Not in the mood for MODY

Not in the mood for MODY

Dealing with Maturity Onset Diabetes of the Young or MODY can be challenging as it happens due to mutations in a single gene, writes Dr Sudhindra Kulkarni

Diabetes is a disease characterised by high blood sugar levels which can result in long term complications related to the heart, brain, kidney, eyes and feet, if left uncontrolled.

There are various types of diabetes, the most common of which is Type 2 Diabetes. Type 1 and Type 2 Diabetes are of polygenic origin, meaning they are related to changes or defects in multiple genes as well as other factors like the environment, which can play a role in its manifestation. Thus, generally, diabetes results from multiple factors, of which defects in insulin hormone is the most important. In Type 1 Diabetes, the beta cells of the pancreas are extensively damaged and hence unable to produce insulin. This type of diabetes occurs typically in the first decade of life or early second decade of life. Such patients need insulin injections to control their sugars. In Type 2 Diabetes, the beta cells of the pancreas are functioning but not able to produce enough insulin to meet the demands of the body. This could be either due to a genetic problem, or multiple defects in various organ systems of the body. One such subtype of type 2 diabetes is what is called ‘MODY’ or Maturity Onset Diabetes of the Young.

MODY is typically a monogenic form of diabetes and is a result of mutations or changes in a single gene. It accounts for 1-4 % of all diabetes case. This is a rare form of diabetes, and the gene mutation is inherited from one or both parents. Sometimes the mutation develops spontaneously, meaning that the mutation is not carried by either of the parents. Mutations are abnormalities or defects in the genetic material, passed on by one generation to next, which affect the normal functioning of the genes, resulting in reduced production of hormones and peptides, which are vital to sustain normal bodily functions.

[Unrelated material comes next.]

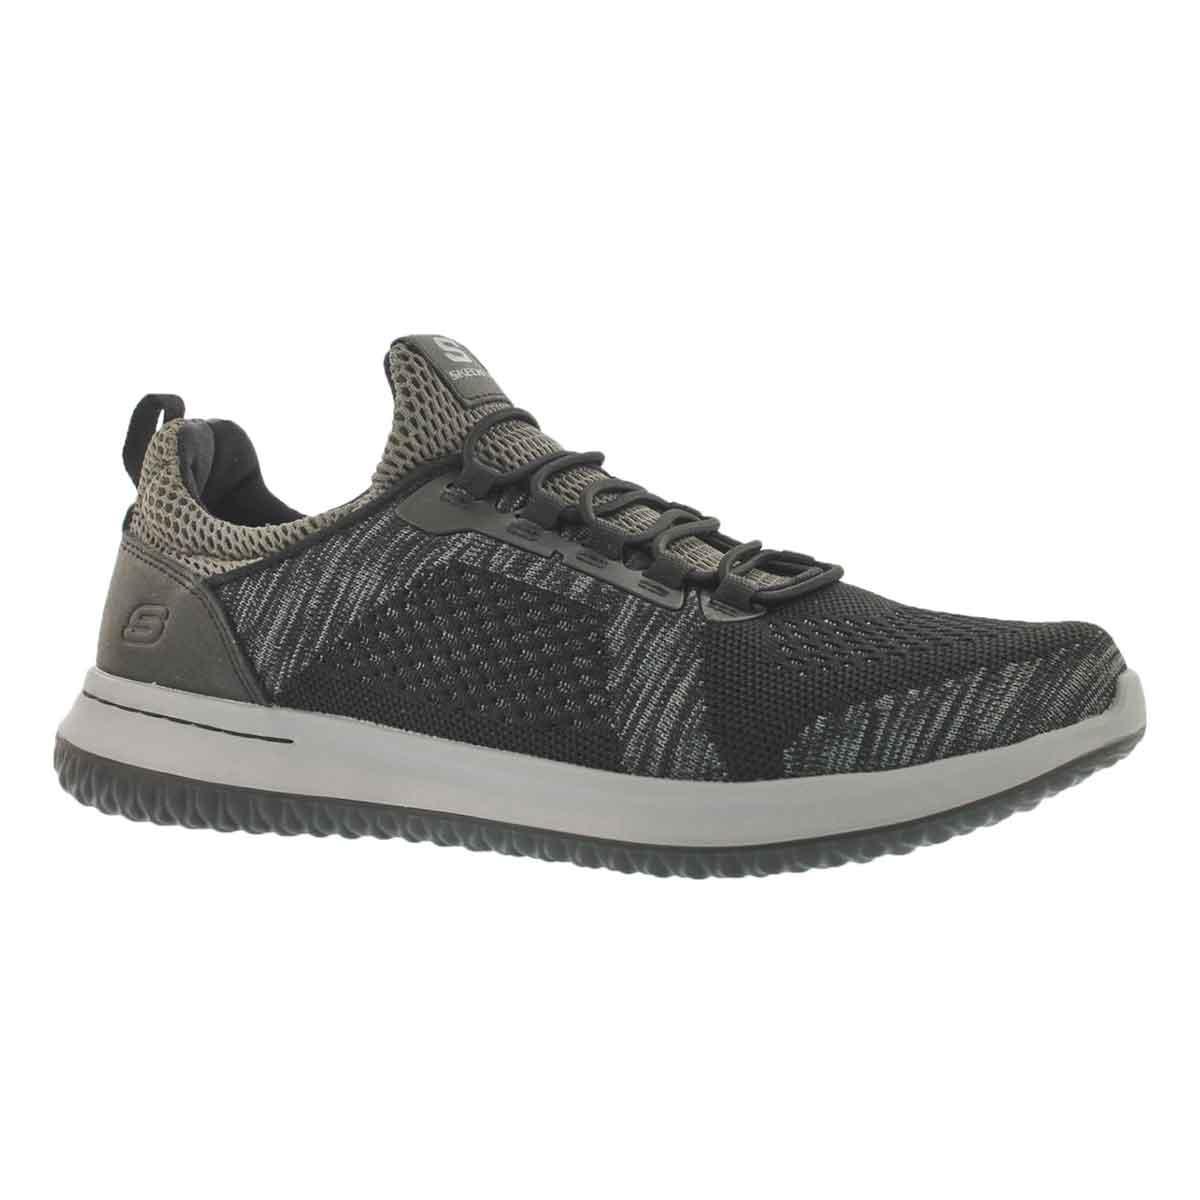 Men's DELSON BREWTON blk/char slip on sneakers

In MODY, the mutations result in decreased production of insulin as the genes providing instructions for making proteins within the cells do not function properly. Insulin is the hormone which is required for keeping the blood sugar levels under control. It is important to recognise and diagnose MODY as the behaviour of diabetes is different from the most common Type 2 Diabetes. The onset of MODY is usually during adolescence or early adulthood. The clinical features depend on the gene mutation a person has.

Symptoms may be mild to moderate, and some patients will not develop any long-term complications. However, some types of MODY require specific treatment with either insulin or sulphonylureas. Typically, family history of diabetes in multiple successive generations will be present. The diagnosis of MODY can be confirmed by genetic testing. An endocrinologist will suggest the appropriate genetic testing. A proper diagnosis means better long-term treatment planning as well as mapping the prognosis. 

Restrictions similar to Type 2 Diabetes apply for these patients. Dietary modifications with the right balance of carbohydrates, proteins and fat with the right mix of greens and dairy products would be suggested for these patients. Lifestyle modifications will be essential, although considering that the problem is more of a genetic defect it may have limited implications. Home management is as for most Type 2 Diabetes patients, but close monitoring for those on multiple tablets and insulin injections would help in achieving better control of sugars.